El general Díaz estaba lejos de tener gran instrucción; su carrera militar se hizo sobre el campo de batalla, en el cual vivió desde su temprana juventud hasta los treinta y siete años en actividad sin tregua. Si algo había recogido de la limitada instrucción que antes del año '50 se daba en los colegios provinciales tuvo tiempo para olvidarlo y ninguno para aumentar su bagaje intelectual: Su entendimiento era claro, alerta y penetrante sin llegar a extraordinario; no leía nunca; pero trabajaba diez o doce horas al día, entre conferencias y papeles que le enseñaban mucho y así adquirió una instrucción fragmentaria, variadísima e incompleta en todo, que le permitía juzgar con confianza en sí mismo y tratar sobre cualquier materia dejando en su interlocutor la impresión más favorable.

El general Díaz, en tales condiciones, era mucho más gobernante que estadista, porque tenía la visión del porvenir, que en el estadista es obsesión espontánea y que no se tiene sin el conocimiento del pasado. Lo que sabía era dominar el presente, conquistarlo, subyugarlo con mucha más habilidad que violencia, trabajar sobre él en obras de organiza ción y construcción nacionales; y por eso fue un gran gobernante, el más grande, sin duda, de la América Latina, y por eso fue uno de los hombres más prominentes de su siglo.

Desde 1884, al sustituir al general González en el gobierno, marcó bien su tendencia de conciliación y de tolerancia, para ahorrar violencia y dar a su mando sustentación durable en la aquiescencia de la mayoría. Hizo la hibridación de los partidos que parecían irreconciliables, y su obra fue benéfica para la unidad moral que iba a fortalecer después, creando los intereses comunes y poniendo en comunicación a los pueblos. Después aspiró a la adhesión de todos, haciendo a todos partícipes de su administración.

La clase aristocrática, bien poco orgullosa en su país en que nunca se dio valor a las distinciones de prosapia, se resentía, por católica y por imperialista, del triunfo de la clase media liberal en las guerras de Reforma y de Intervención; el general Díaz representaba para ella el prin cipio extremo liberal, con un poco de grosería personal de soldado rudo. La clase quedó bien pronto desarmada al encontrar en aquél las finas maneras de un hombre de mundo, su trato cortés y llano, incapaz de lastimar las preocupaciones más cosquillosas. Abrió las puertas al plebeyo, que a su vez franqueaba las del mundo político a la clase proscrita, y así ésta se puso en contacto con la más numerosa e importante del país.

Los intereses extranjeros encontraron en el general Díaz una atención asidua y constante, sin la cual habría sido imposible (supuestos los antecedentes del país desordenado), la afluencia de capitales que llevó a México todas sus grandes obras de progreso y transformación.

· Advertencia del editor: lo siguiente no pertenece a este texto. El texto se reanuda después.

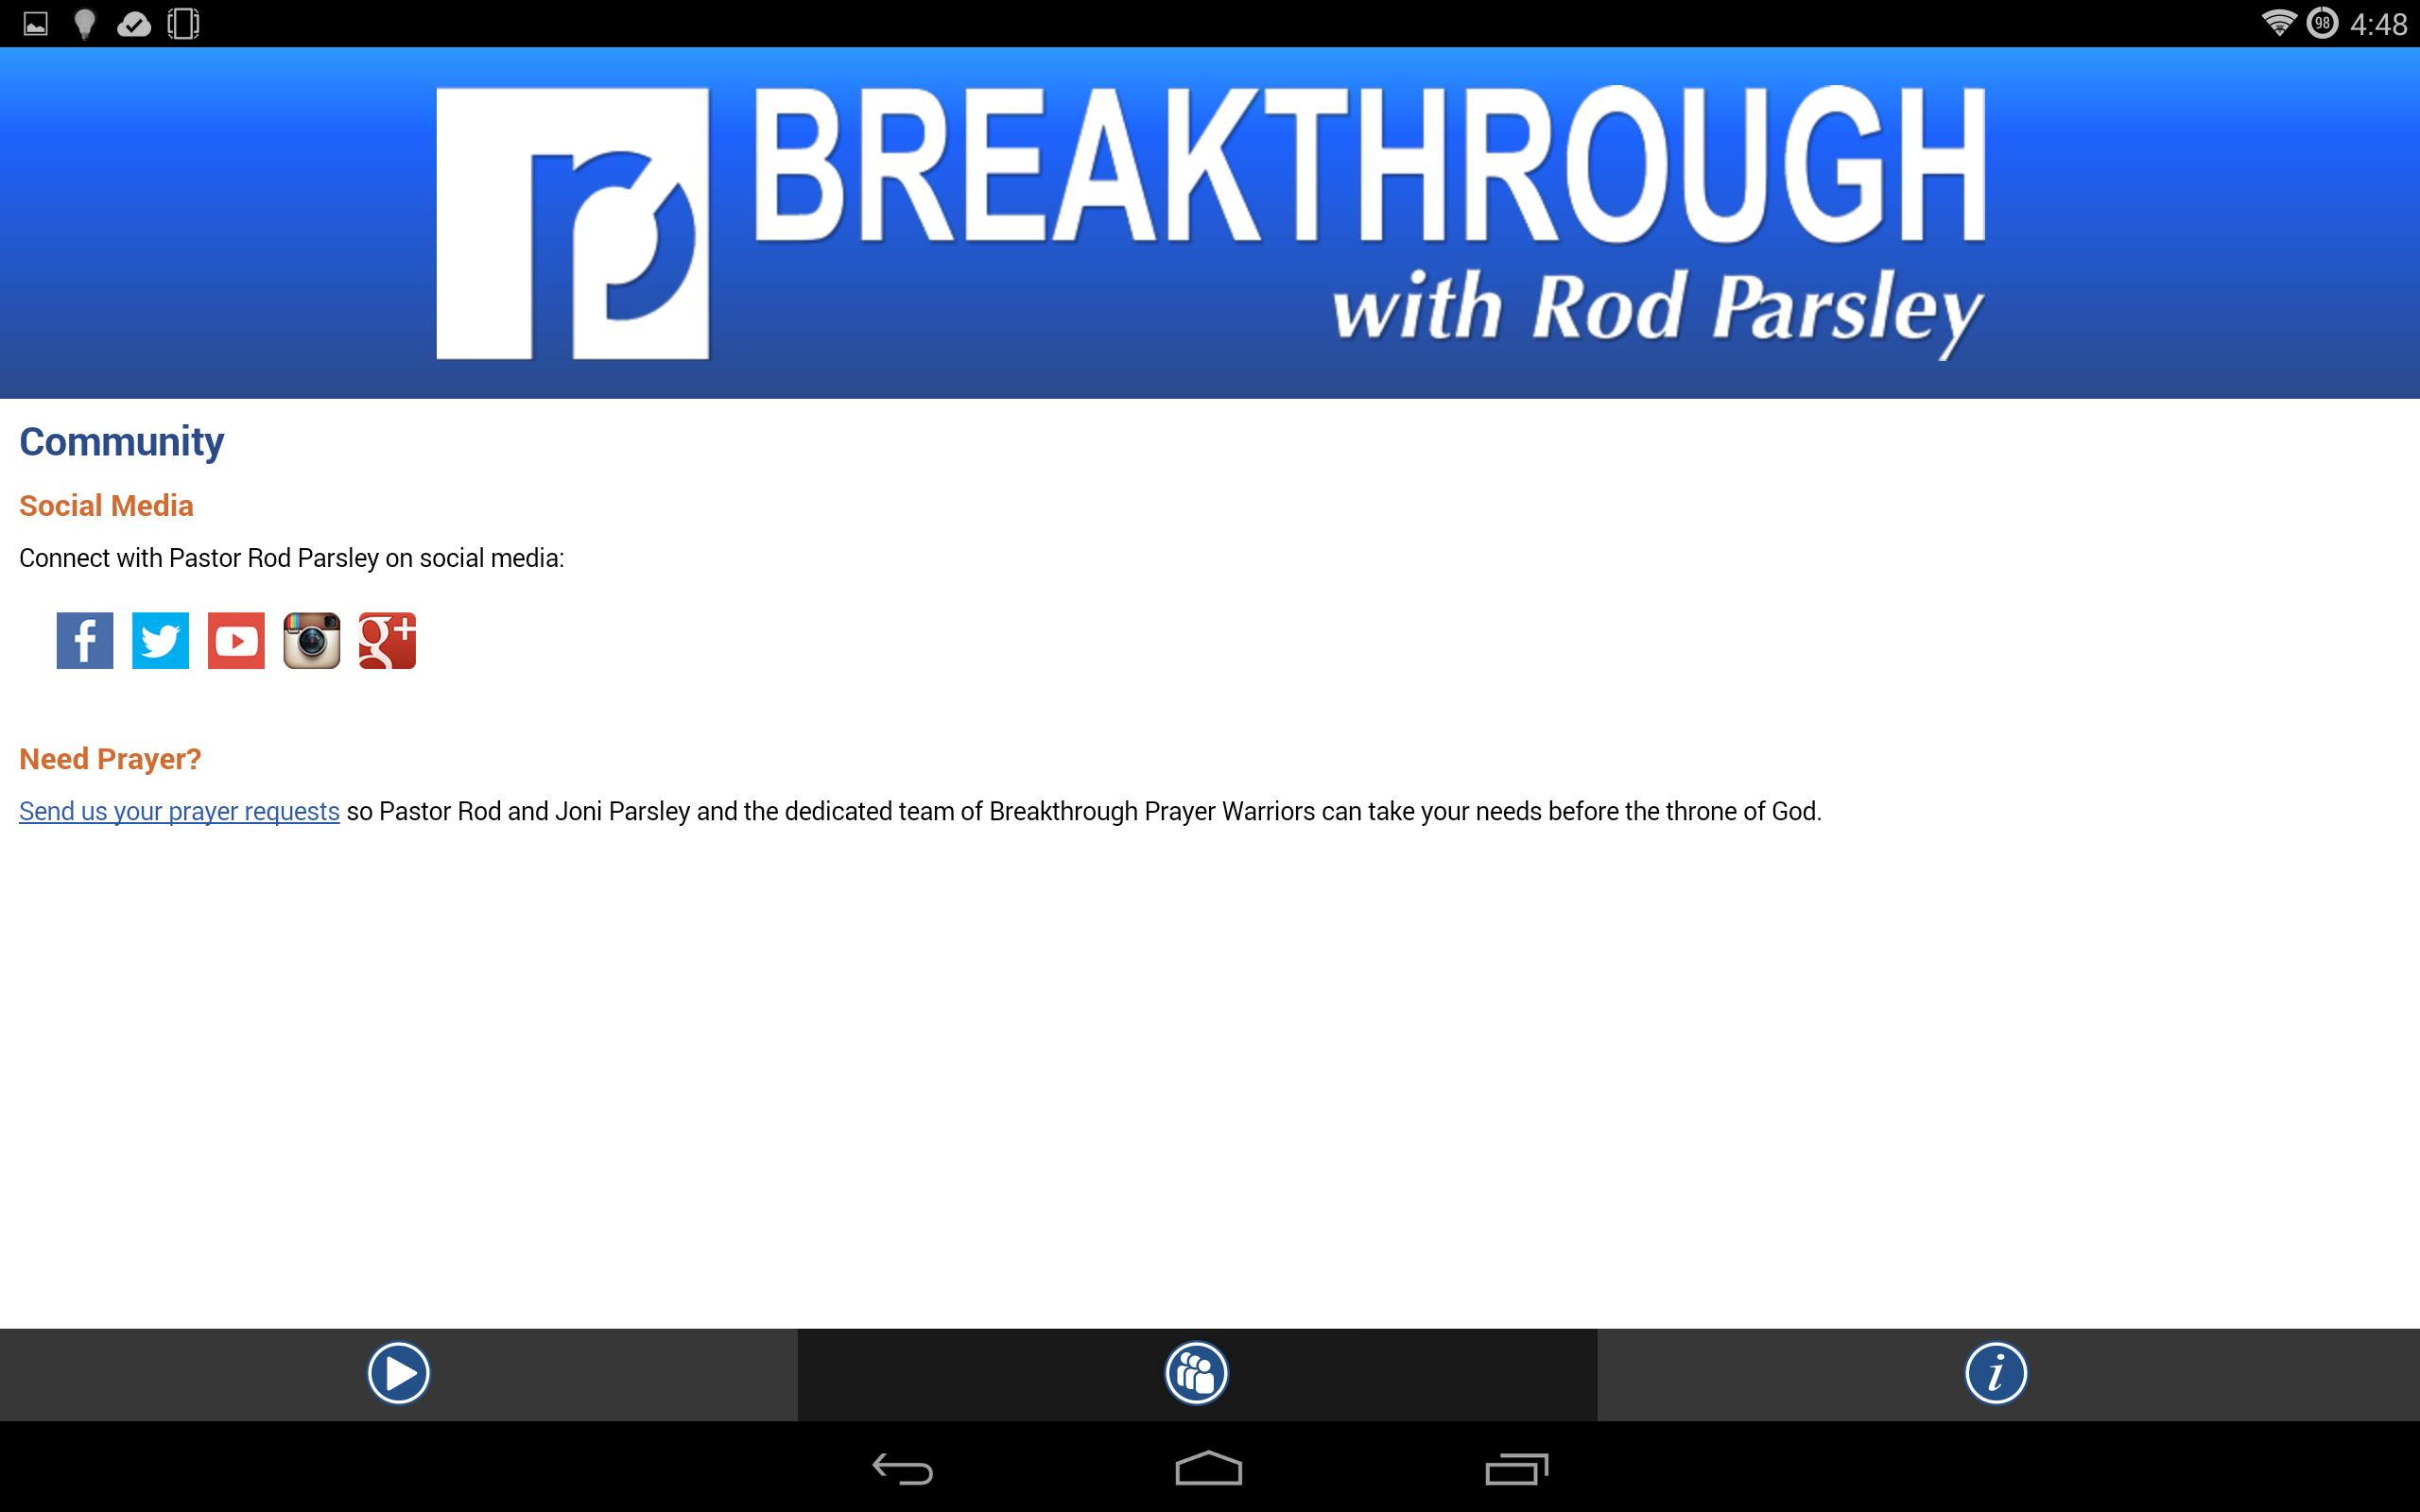 Breakthrough Intercessors Prayer Request

Los extranjeros de todas las nacionalidades, que aumentaban poco a poco en número, y que no solían llegar como aventureros, sino como hom bres de trabajo y muchas veces de capital, comenzaron por sentirse tran quilos, después vivieron satisfechos, y acabaron por mostrarse adictos al gobernante benévolo que conquistaba voluntades.

El clero no sólo valía por su número, la ilustración de sus hombres y su influencia moral, rebajada, pero no destruida, por su abatimiento político; tenía la importancia negativa del obstáculo para la acción libre y sin trabas que el Presidente quería alcanzar, para la armonía de todos y la sumisión voluntaria de todos, que parecía ser la base primera del programa de gobierno. Muchos hombres, muchos grupos en todo el país, no podían seguir al gobierno, aunque lo deseaban, porque sus intereses o antecedentes políticos los ligaban con la Iglesia. Era cabeza de la mexicana, al principio, un miembro de la Regencia Imperial, hijo espiritual de Pío IX y nutrido en la intolerancia del gran papa intolerante: el Arzobispo don Pelagio Antonio de Labastida. Pero las dificultades del problema cedieron ante la facultad conciliadora del general Díaz, que sabía también combinarse con cierta presión de enérgica amenaza, y que, al decir de algunos, influyó en aquella ocasión para presentar en forma diplomática la disyuntiva de paz o guerra.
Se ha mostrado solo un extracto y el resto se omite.